Segment Start: Data in this exercise
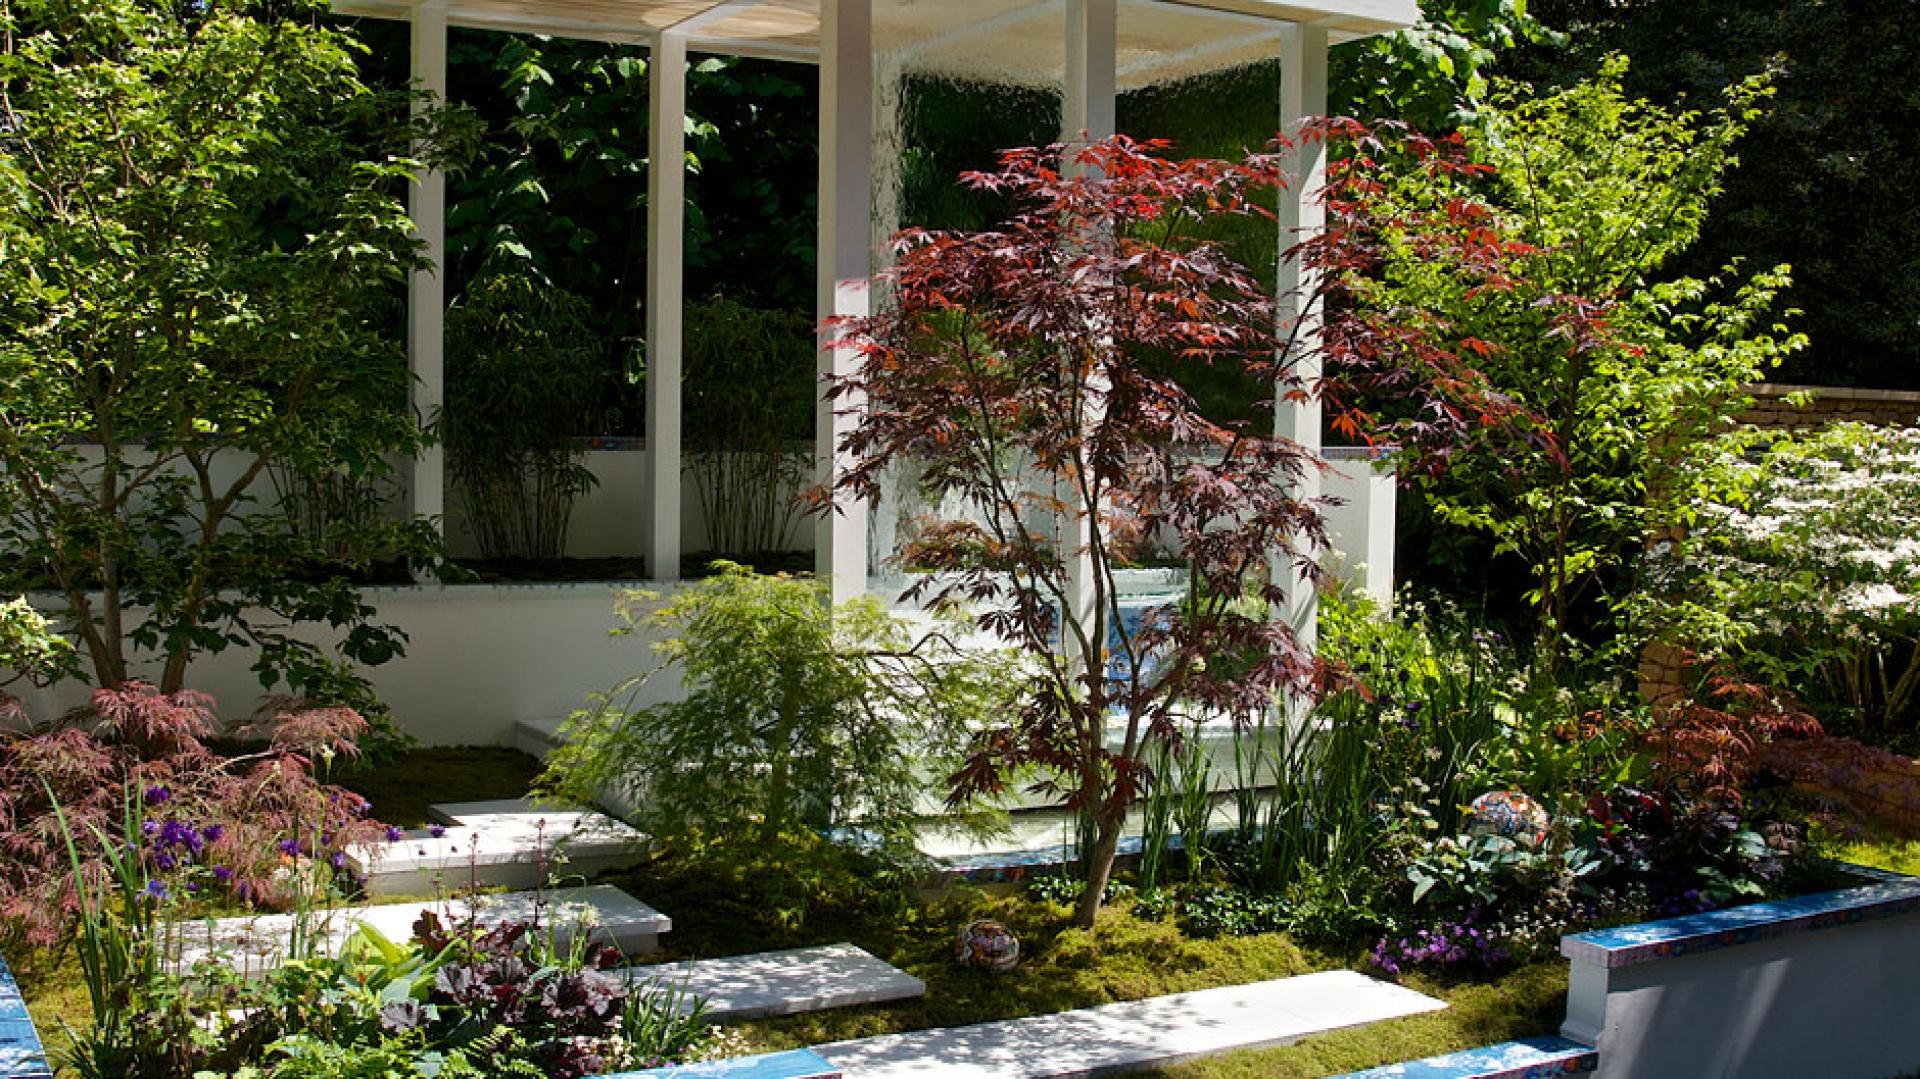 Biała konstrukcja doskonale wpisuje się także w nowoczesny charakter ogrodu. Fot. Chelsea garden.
Segment End: Data in this exercise
Segment Start: Data in this exercise
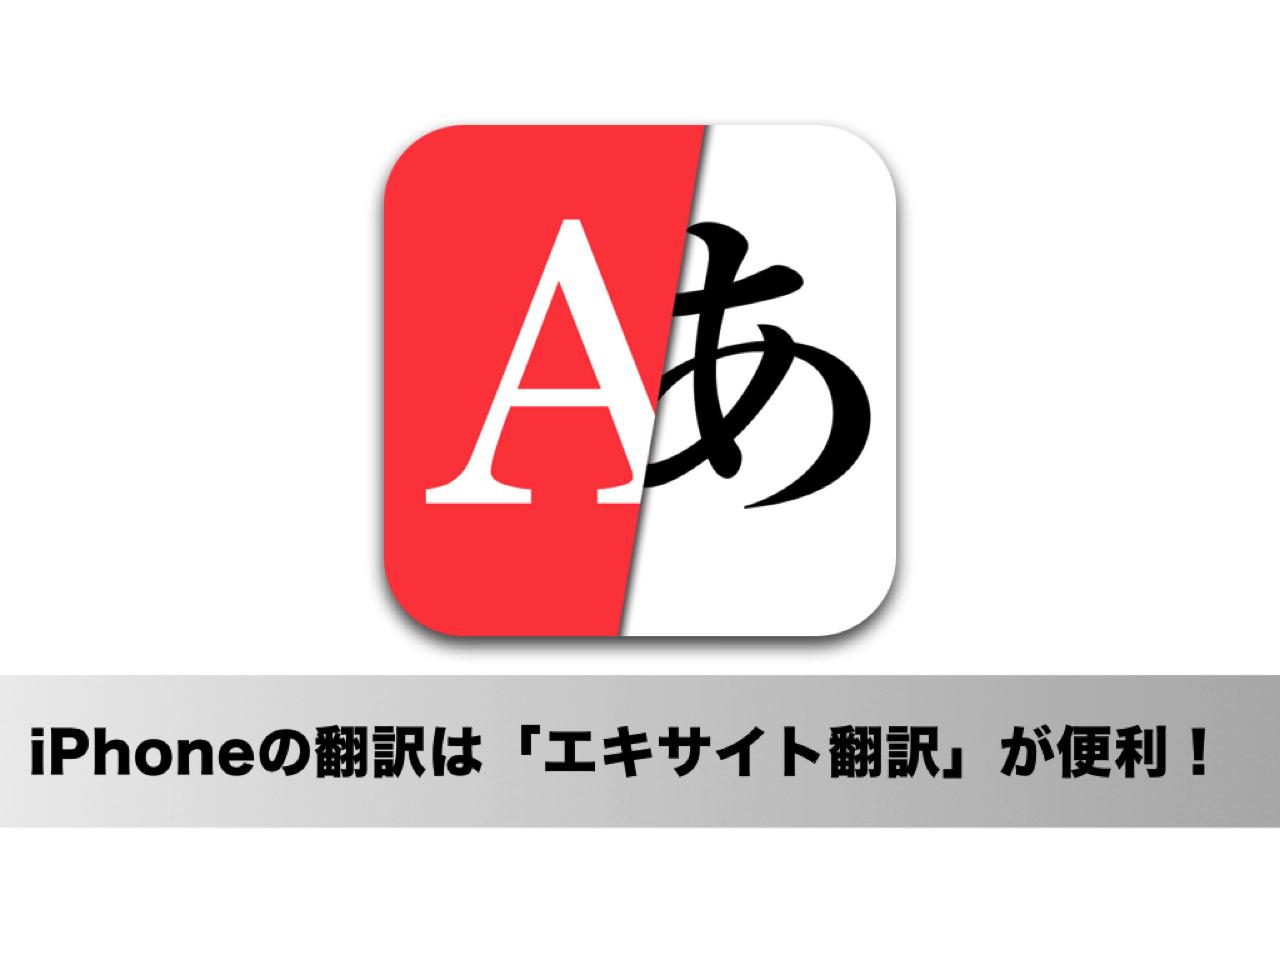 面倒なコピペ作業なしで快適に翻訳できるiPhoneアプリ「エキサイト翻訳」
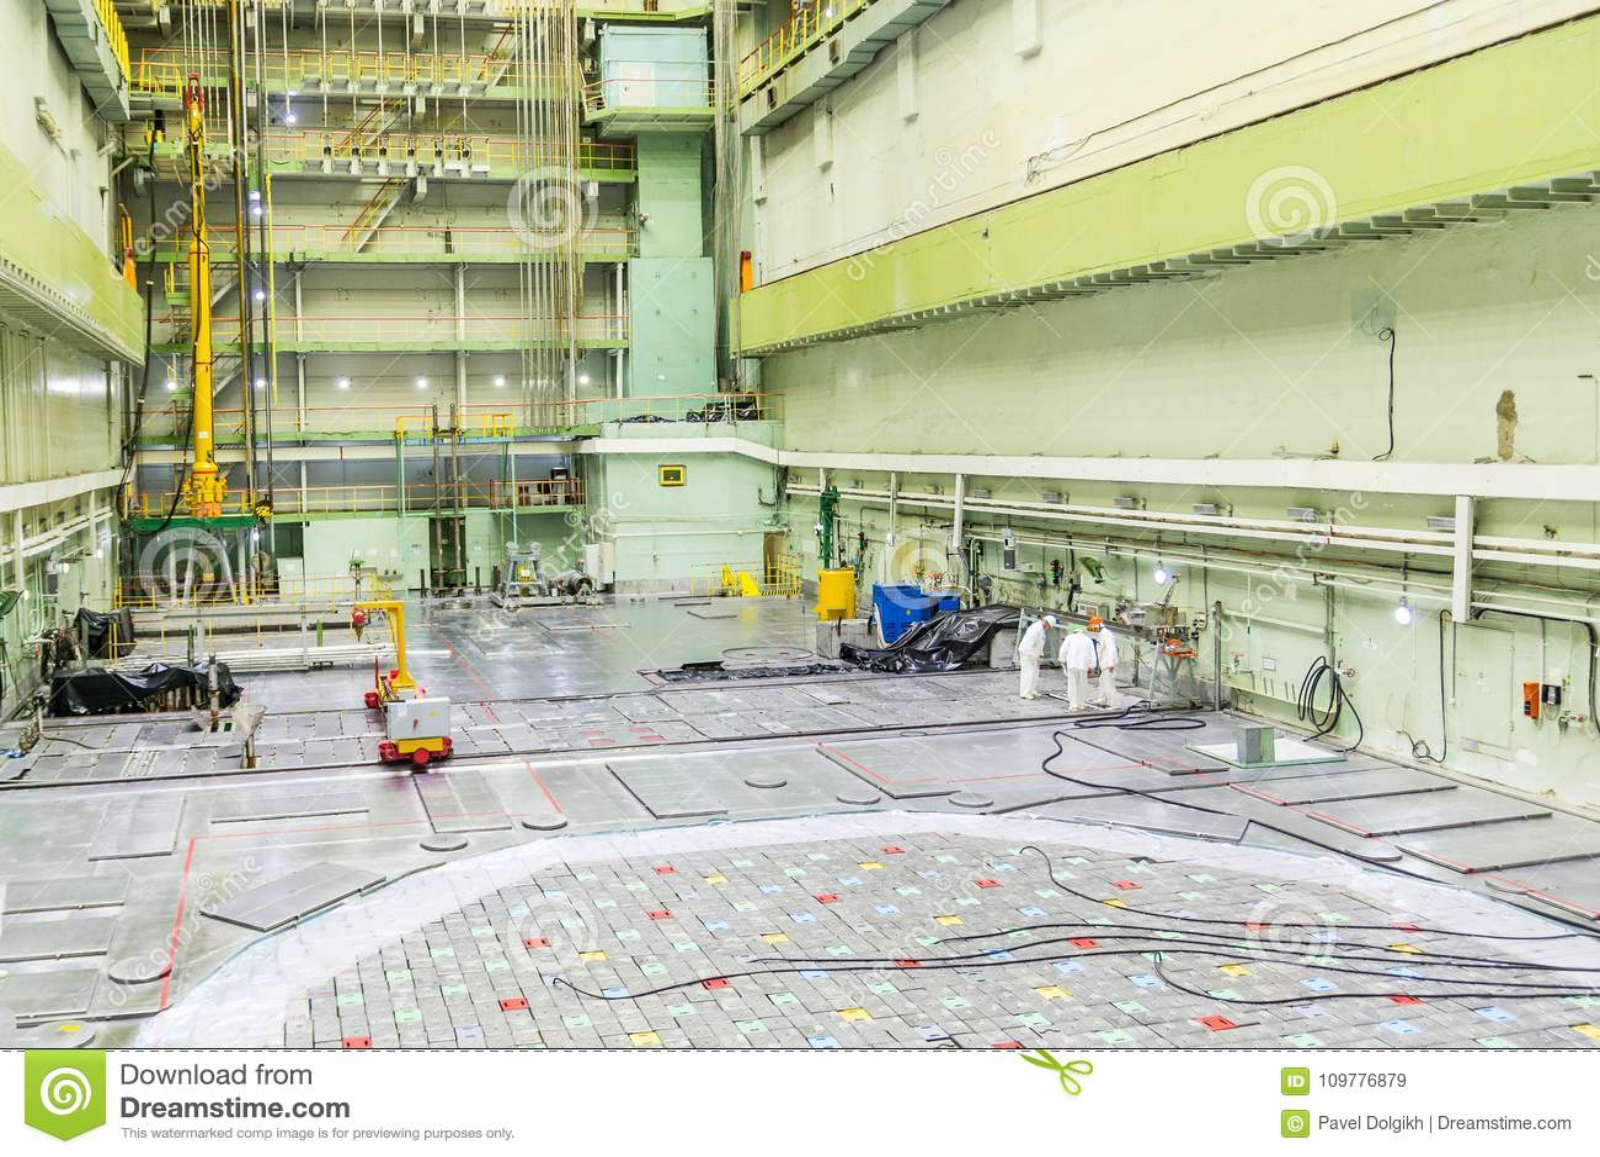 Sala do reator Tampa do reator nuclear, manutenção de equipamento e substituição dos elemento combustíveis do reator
Segment End: Data in this exercise
### [Exercise brief]
Your answer is the exact run of lines above from the one with "面倒なコピペ作業なしで快適に翻訳できるiPhoneアプリ「エキサイト翻訳」" through the one with "Sala do reator", both ends included, minus any picture.

### [Answer for this exercise]
 面倒なコピペ作業なしで快適に翻訳できるiPhoneアプリ「エキサイト翻訳」
 Sala do reator Tampa do reator nuclear, manutenção de equipamento e substituição dos elemento combustíveis do reator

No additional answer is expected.